Она подпрыгнула, будто ее кто-то ущипнул, перевела дух и уже спокойней продолжала:

– Ты можешь узнать о ее болезни, если хотя бы одним глазком посмотришь в... – она перешла на шепот, а перед тем, как сказать, с опаской посмотрела по сторонам, – в "Книгу Судеб". Я хоть и...

– Тс-с-с... Сейчас появится Сама... Все, что надо, я тебе уже сказала, так что ты не обижайся на нее. У нее столько забот, что времени думать о каких-то там любовных неудачах, болезнях или разлуках просто не остается. Сам Старик запретил ей и заикаться о чем-либо другом, кроме Великих идей, Абстракций и Неразрешимых Парадоксов, Он считает, что Она выше рангом, чем... Ой! Бегу, прощай.

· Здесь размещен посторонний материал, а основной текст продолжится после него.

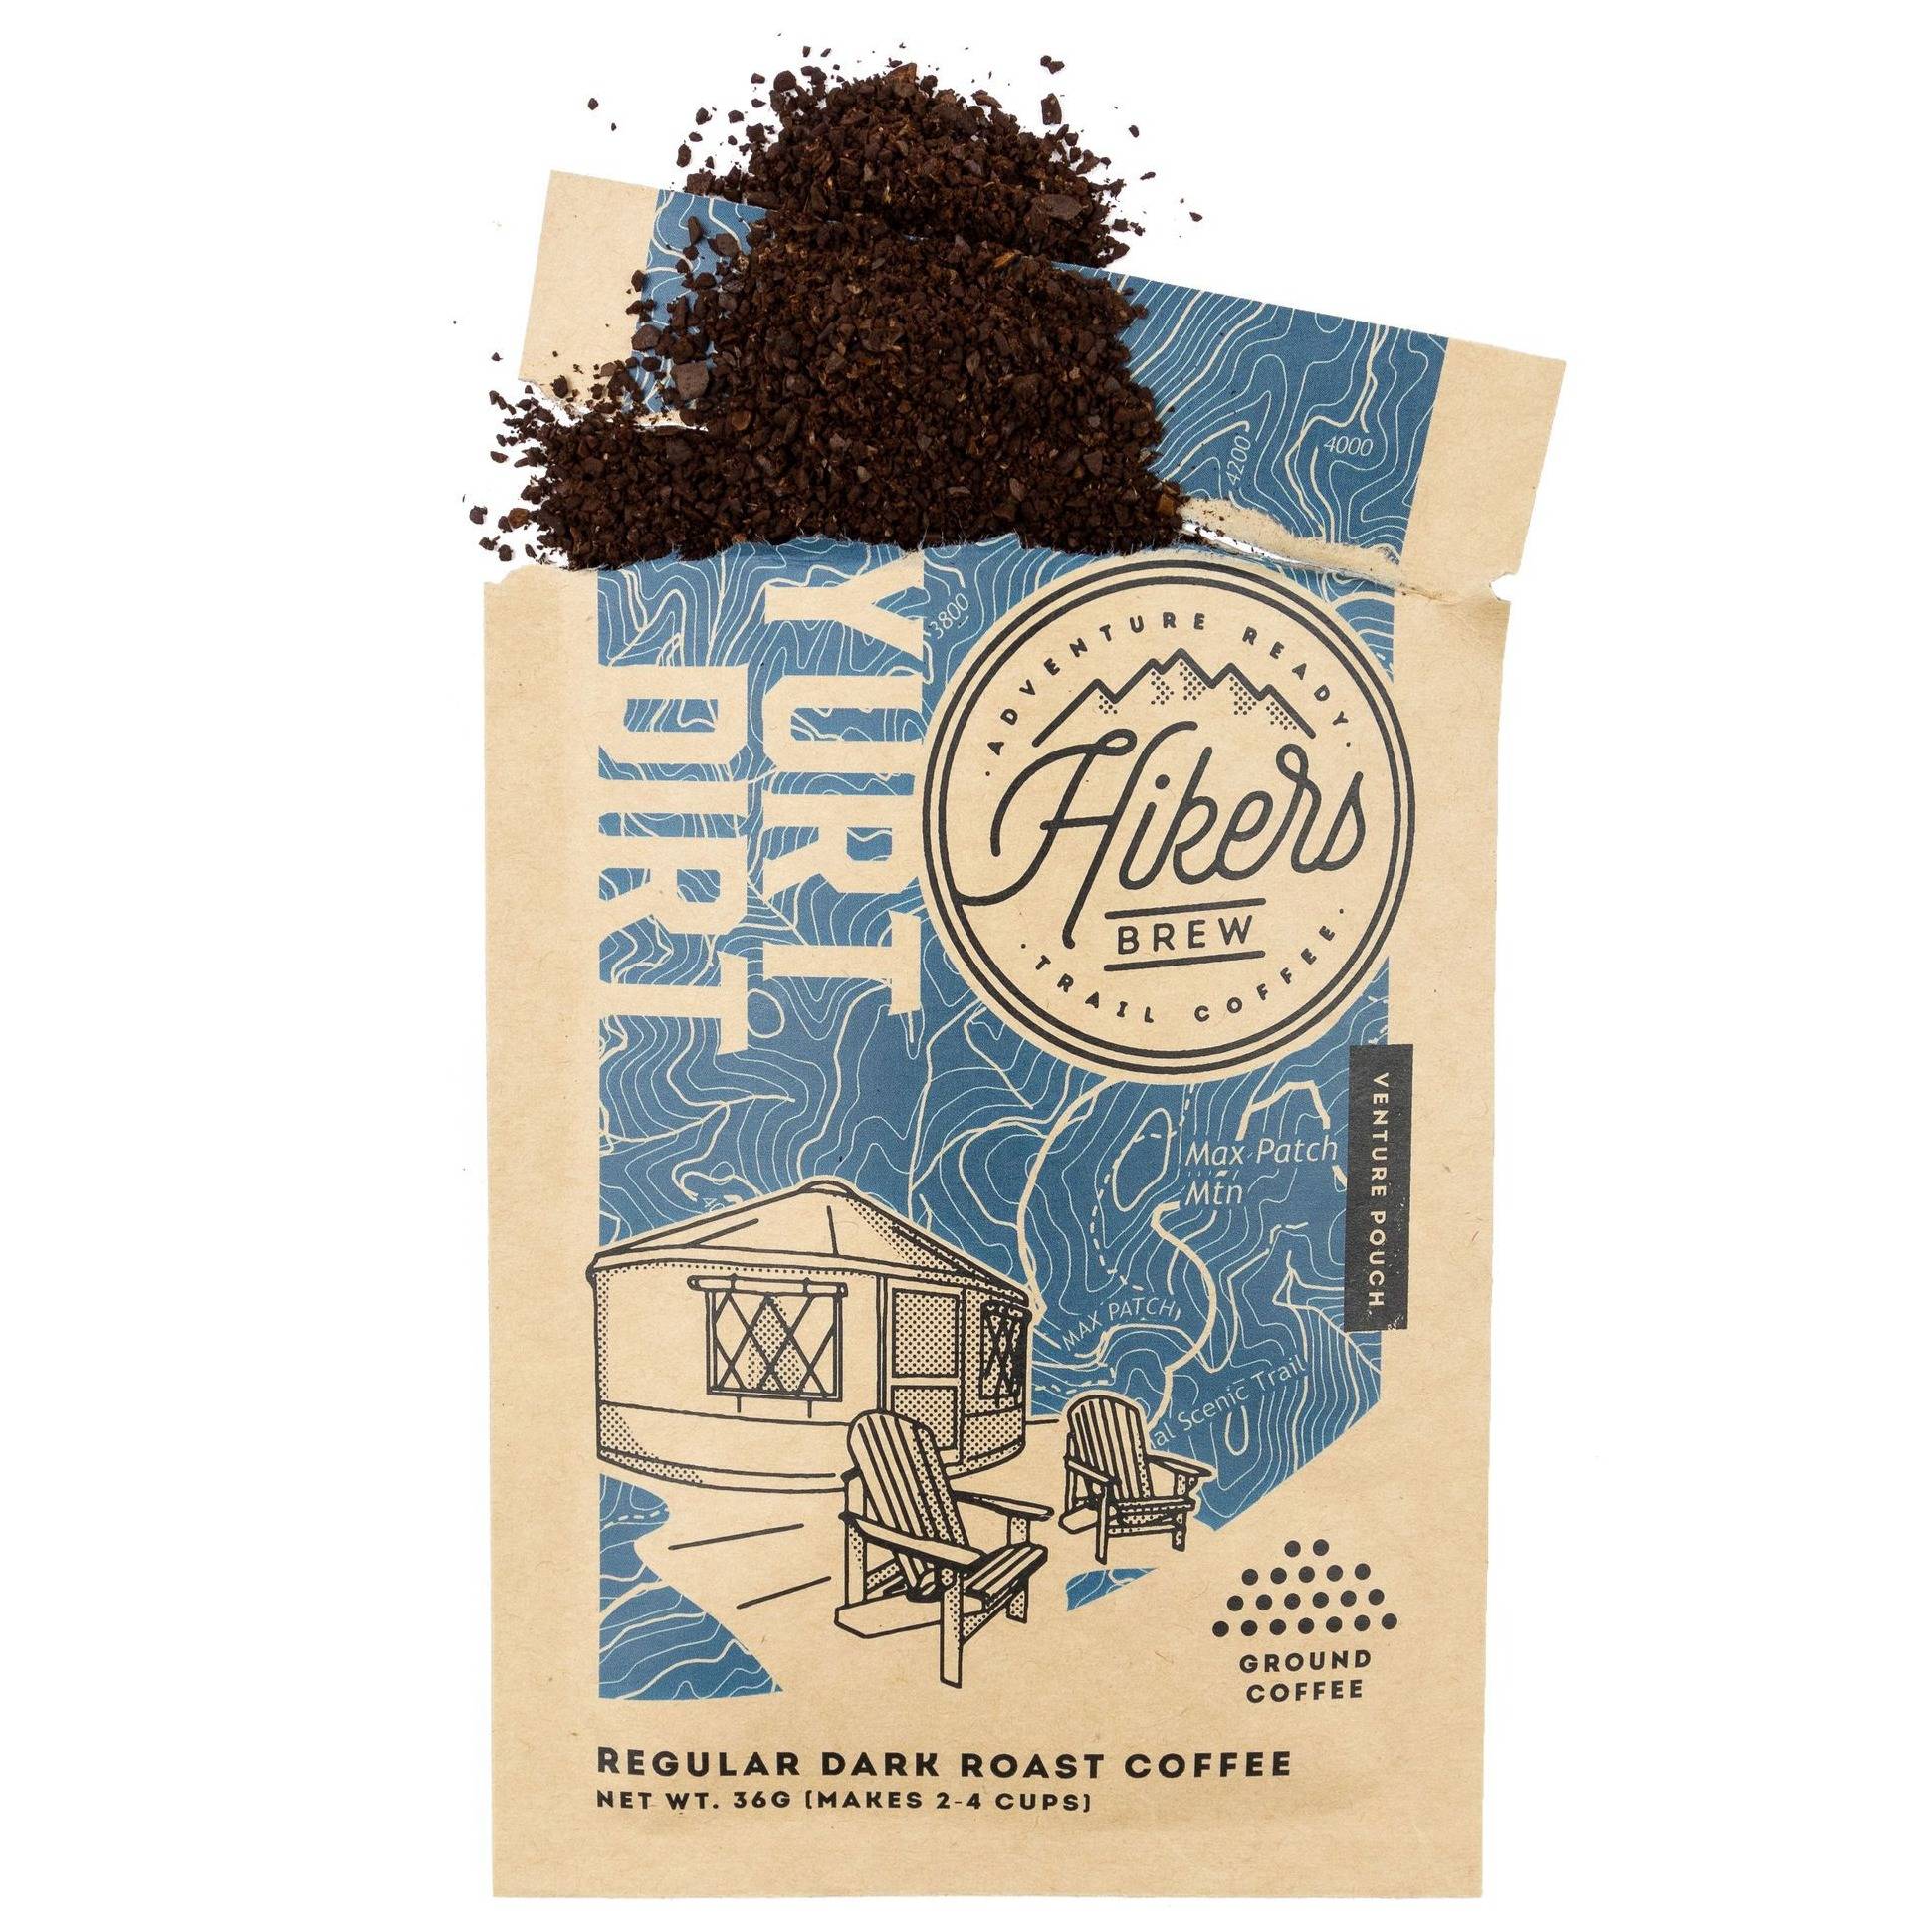 Yurt Dirt - Regular Dark Roast Coffee - 12 oz.

Болтливая служанка поспешно скрылась, юркнула в невидимую для меня дверь и исчезла.

Раздались фанфары, на этот раз не такие оглушающие, как на коронации, и в бледно-розовом призрачном сиянии явилась Истина, возникла вдруг из незаметной точки и быстро выросла в эффектную властную даму с высокой шеей, покатой спиной, крупным бюстом, осиной талией и массивными бедрами. На ней было короткое в обтяжку белое платье, руки до локтей в белых перчатках, а в волосах ослепительная диадема. В целом она явилась мне тем оригиналом, жалкие копии которого столь безуспешно лепили голливудские "звездоделы".

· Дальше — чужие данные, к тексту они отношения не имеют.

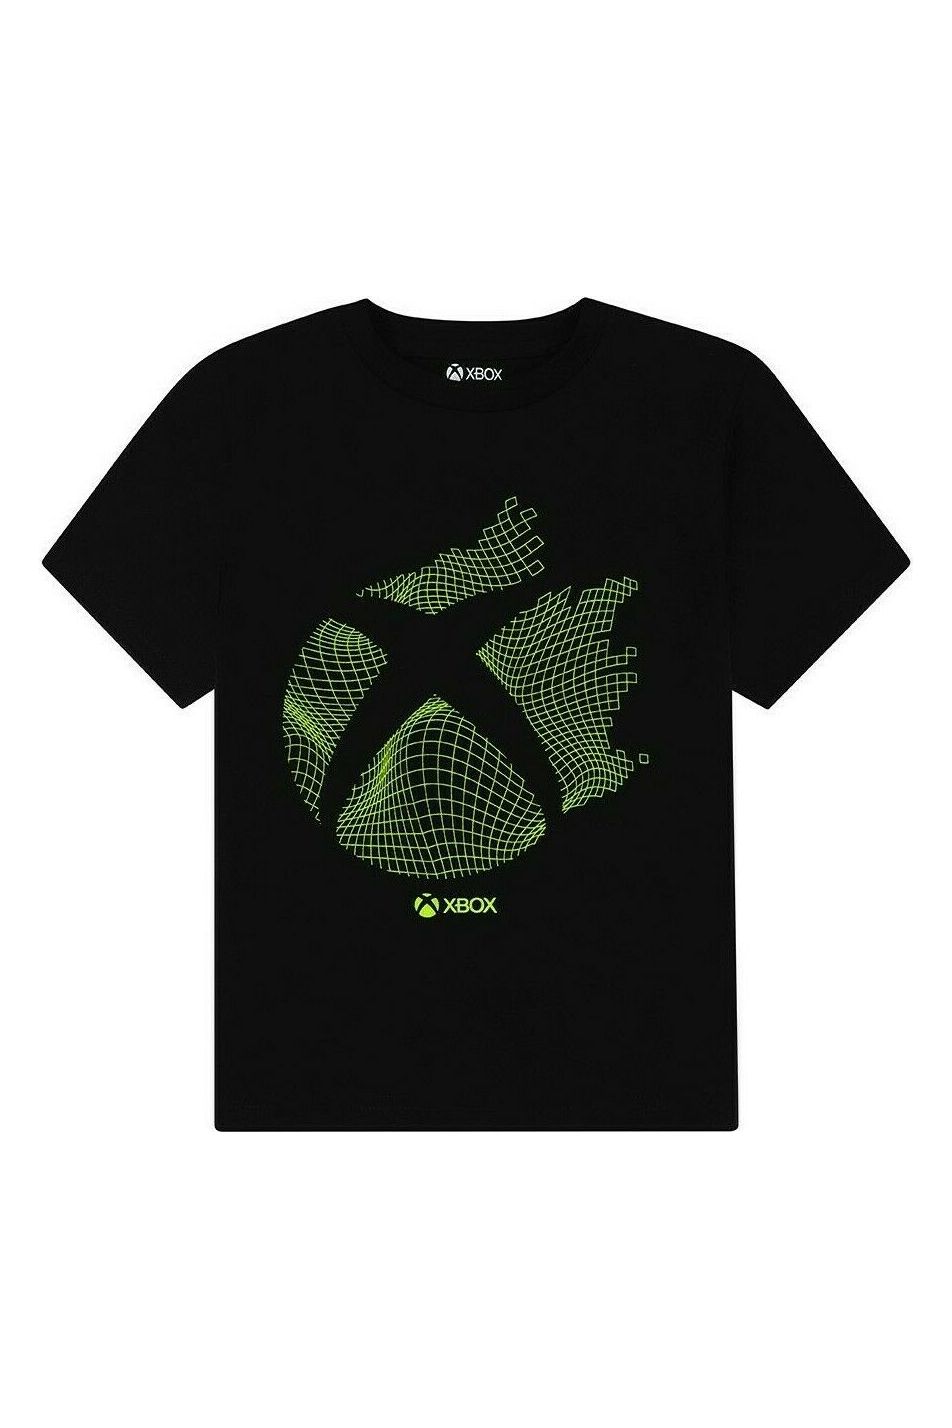 Official Xbox Logo T Shirt

"Как она быстро старится", – подумал я, вспомнив, какой она была вчера на коронации, на приеме...

– Здравствуй, мой дорогой. Что же ты молчишь? Ладно, будем считать, что ты от восхищения на время потерял дар речи. Как твои дела? Я думаю – превосходно. Ведь иначе и быть не может. Ты – умница, мой дружок, и у тебя хватит здравого смысла, чтобы самому прийти к нужному тебе выводу и важному, я подчеркиваю это – в-а-ж-н-о-м-у.

Главное – не Судьба, мой мальчик. В конце концов она лишь оболочка жизни, и смысл жизни лежит вне сферы ее досягаемости, он недоступен ее прихотям, ее коварству, ее лицемерию; когда, делая вид, что одаривает, она обирает, но если ты будешь держаться своей сути, своего течения, то даже все ее превратности сможешь обернуть не во зло, а в благословение себе и окружающим тебя людям. Неси в себе горящую и очищающую искру бескорыстного любопытства, наслаждайся жизнью, радуйся не только своей маленькой радостью, но и радостью всего беспредельного мира, и ты будешь счастлив и осчастливишь собой мир.

С последними ее словами, долетевшими до моего слуха, шелестом листьев журчаньем ручья, растаял в зеленой пучине леса и ее образ, невесомый, нопышущий плотью и жизнью.